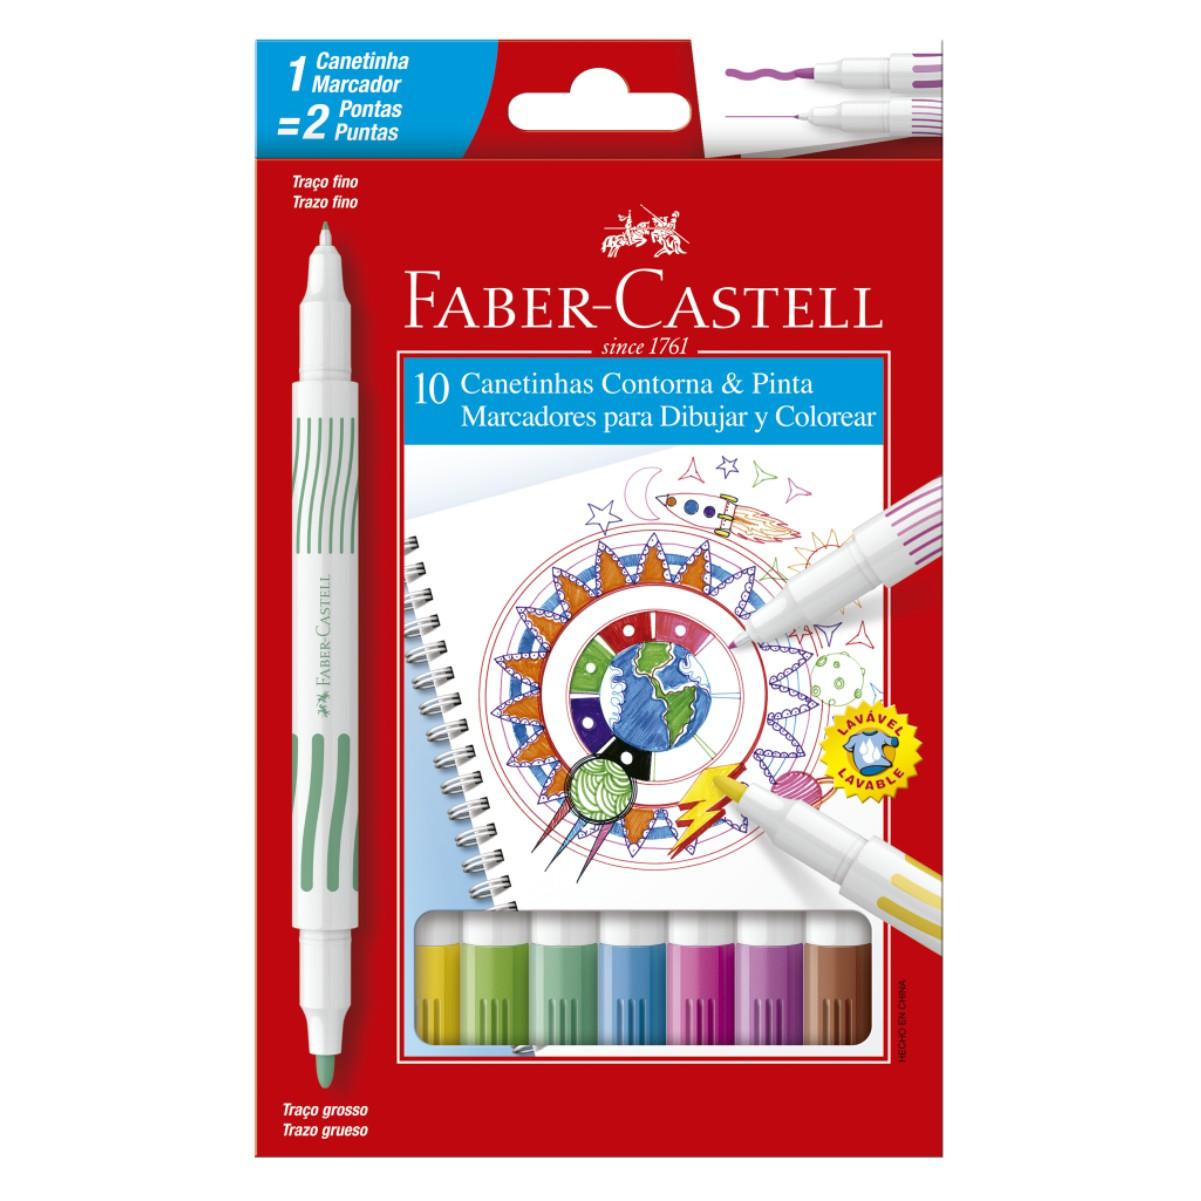 Canetinha Hidrográfica Faber Castell Contorna e Pinta Com 10 Cores
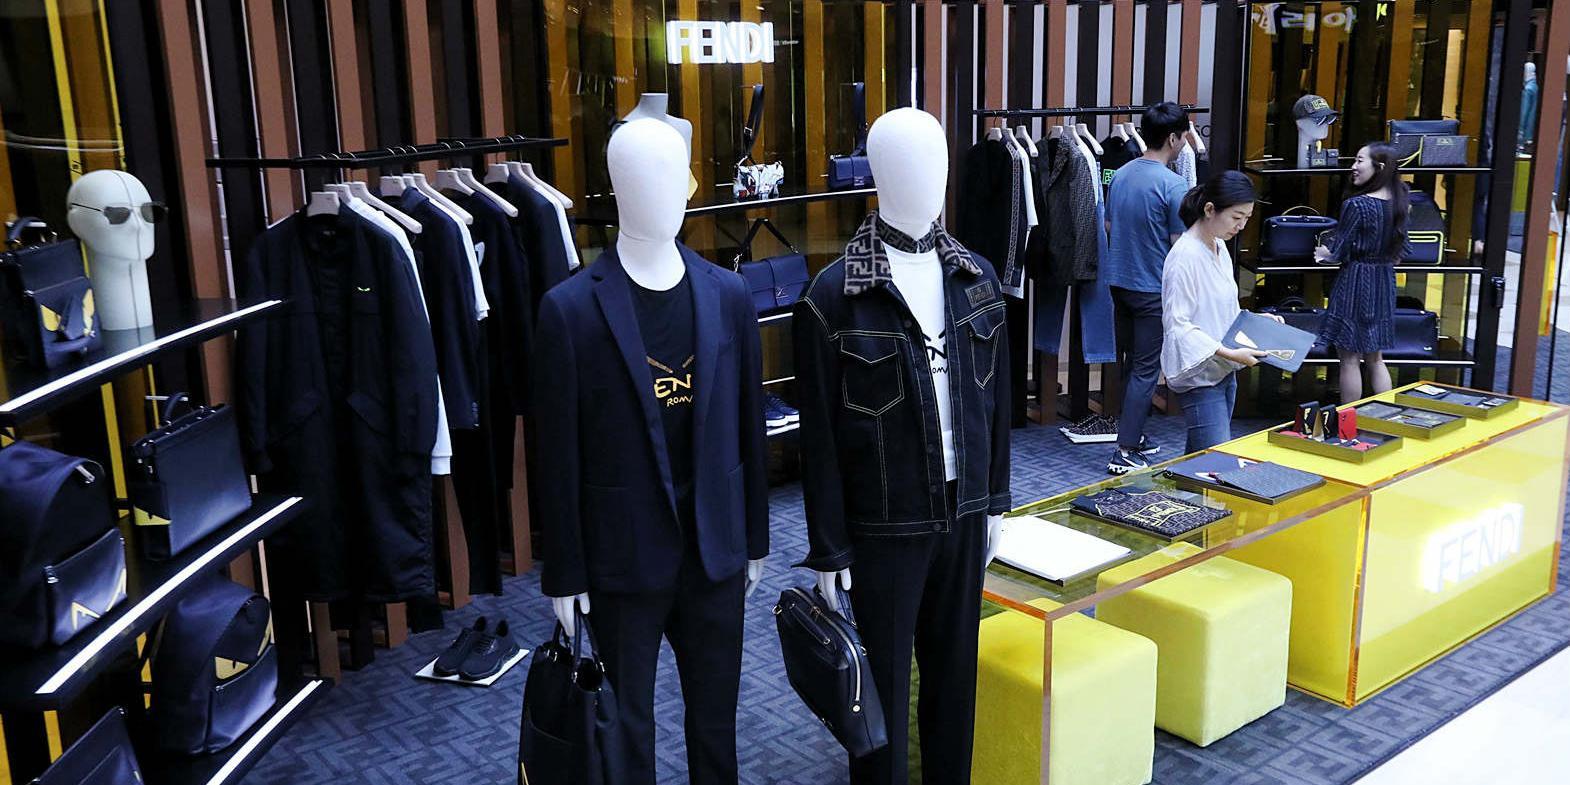 2030세대 남성이 패션에 눈을 떴다, 백화점3사 '남성전문관' 확장
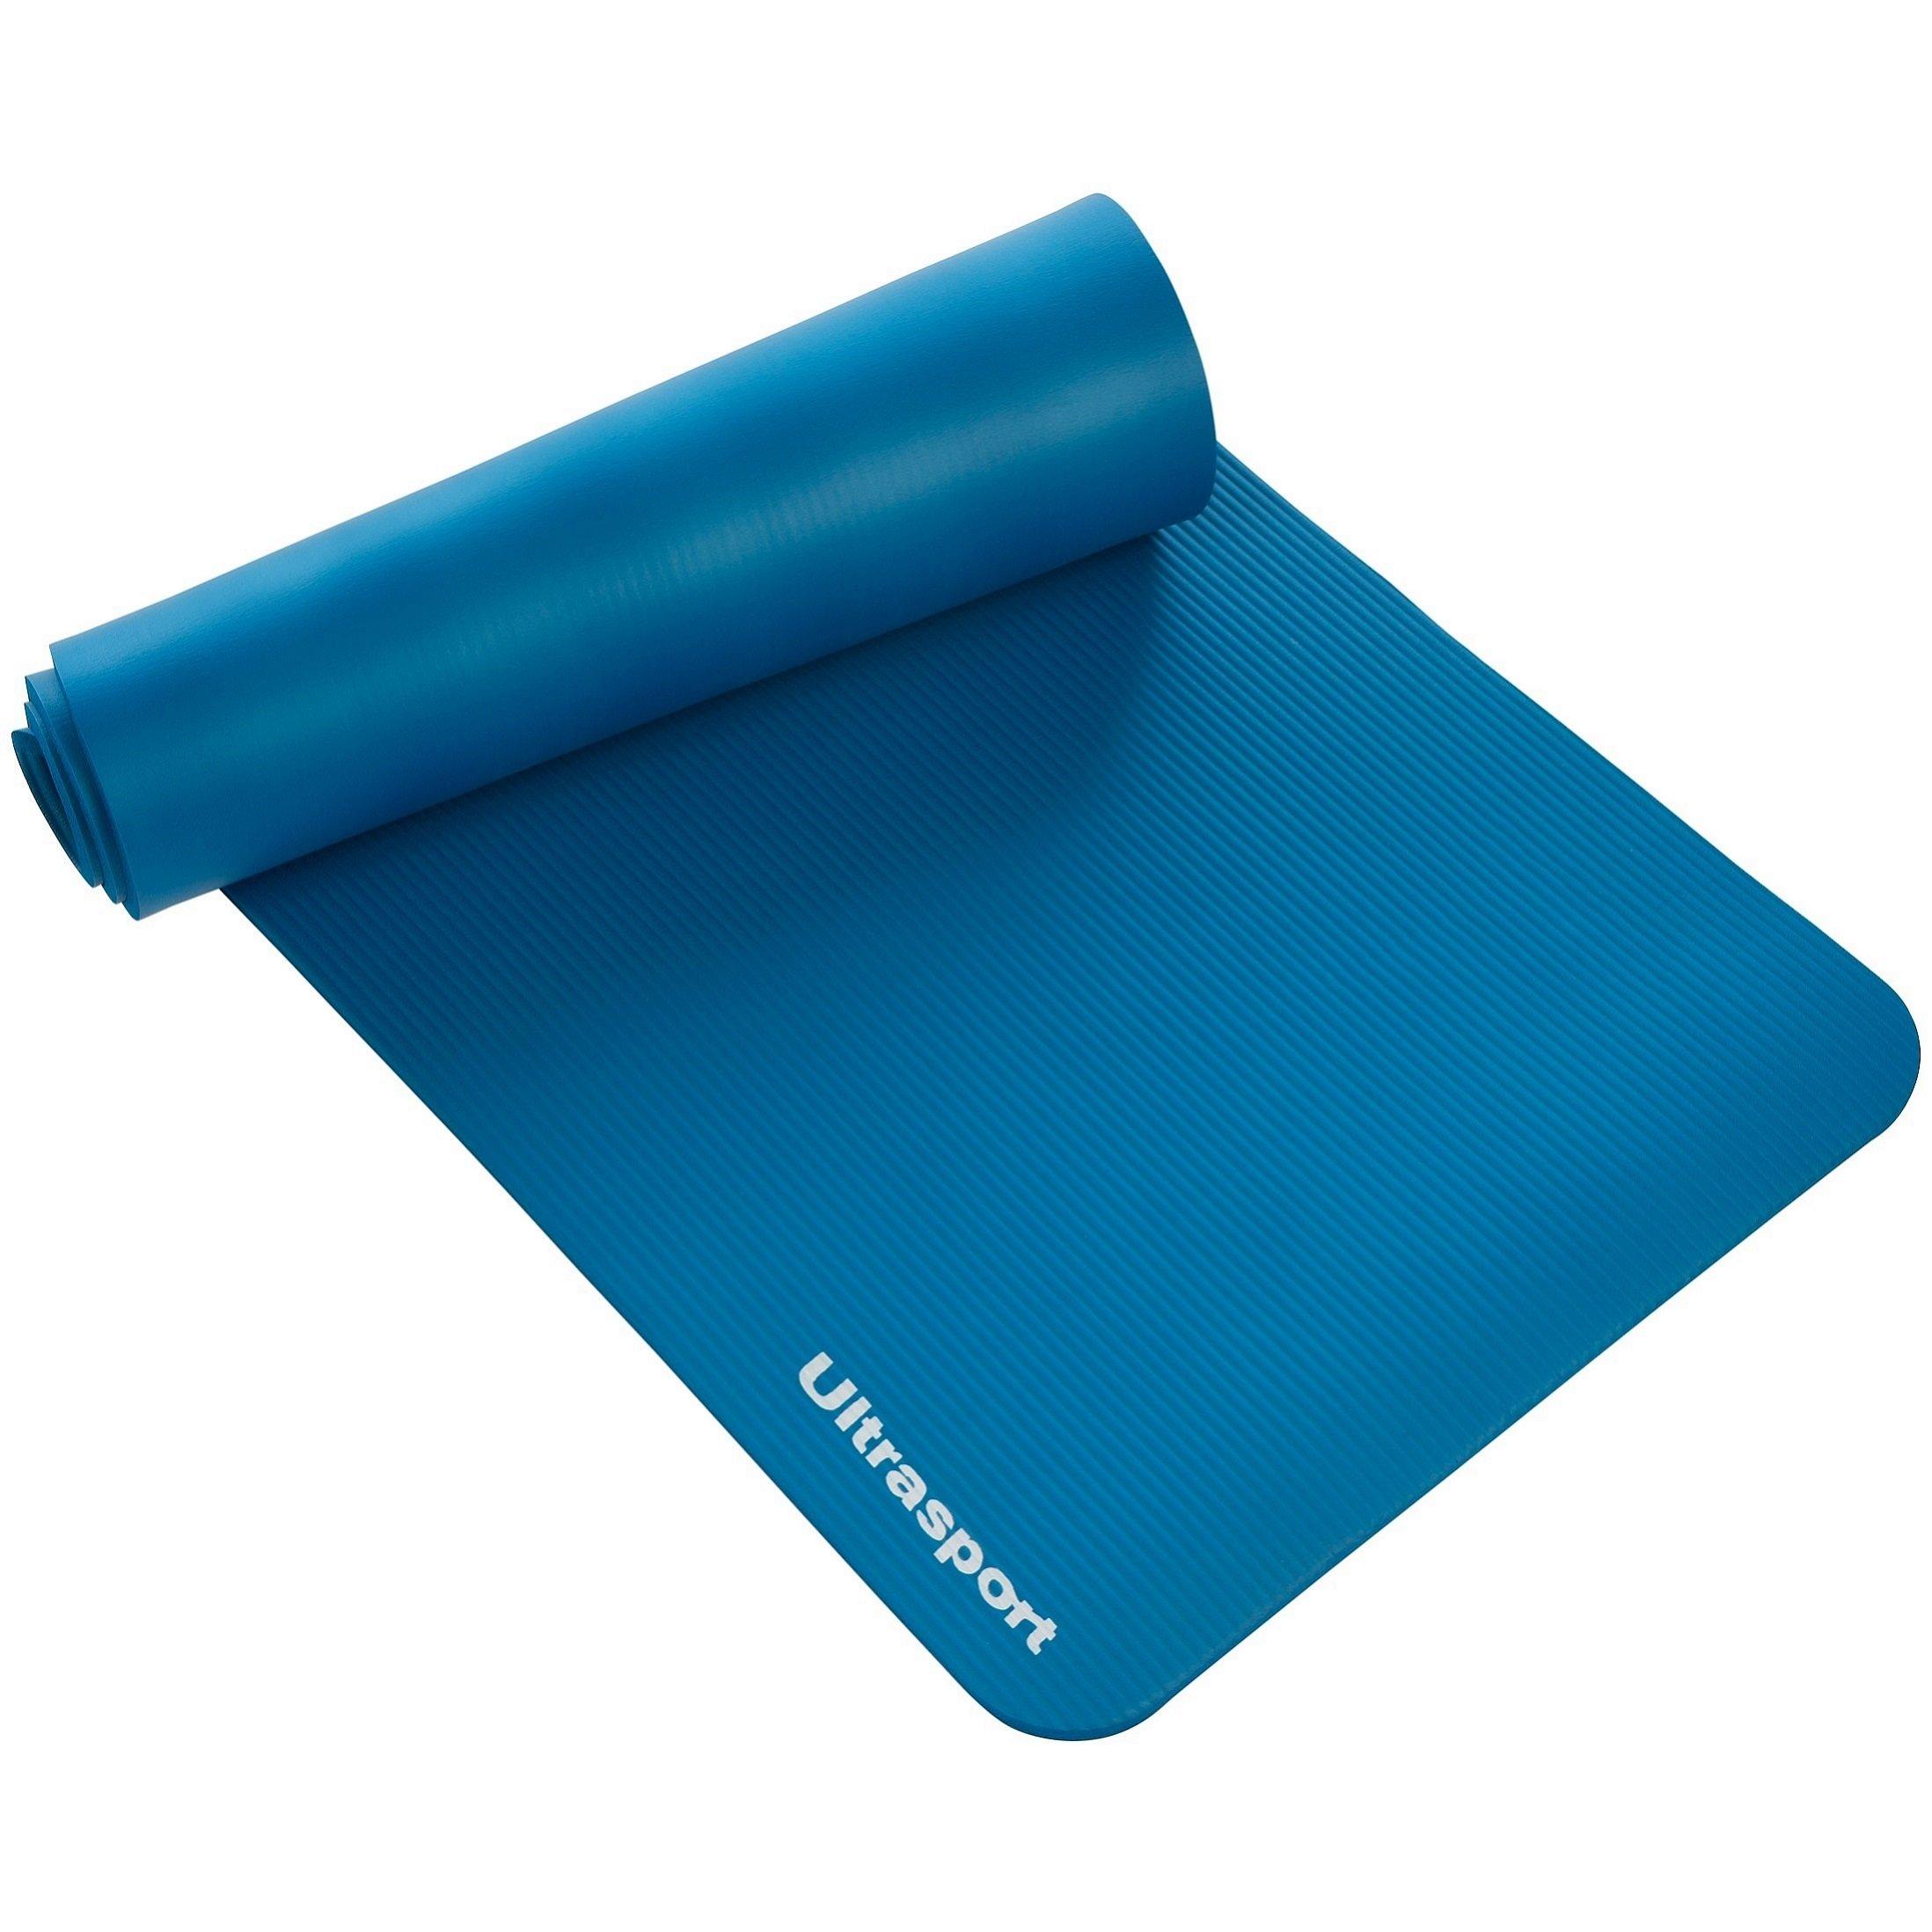 Ultrasport Esterilla de gimnasia, esterilla para deporte, esterilla de fitness para el entrenamiento, pilates, yoga, aerobic o masajes product image

◆ WORK TO COMPLETE
For this exercise, repeat word for word only the lines from the one containing "2030세대 남성이 패션에 눈을 떴다, 백화점3사 '남성전문관' 확장" through the end of the data, including both. Pictures do not go in the copy.

◆ RESPONSE BOX
 2030세대 남성이 패션에 눈을 떴다, 백화점3사 '남성전문관' 확장
 Ultrasport Esterilla de gimnasia, esterilla para deporte, esterilla de fitness para el entrenamiento, pilates, yoga, aerobic o masajes product image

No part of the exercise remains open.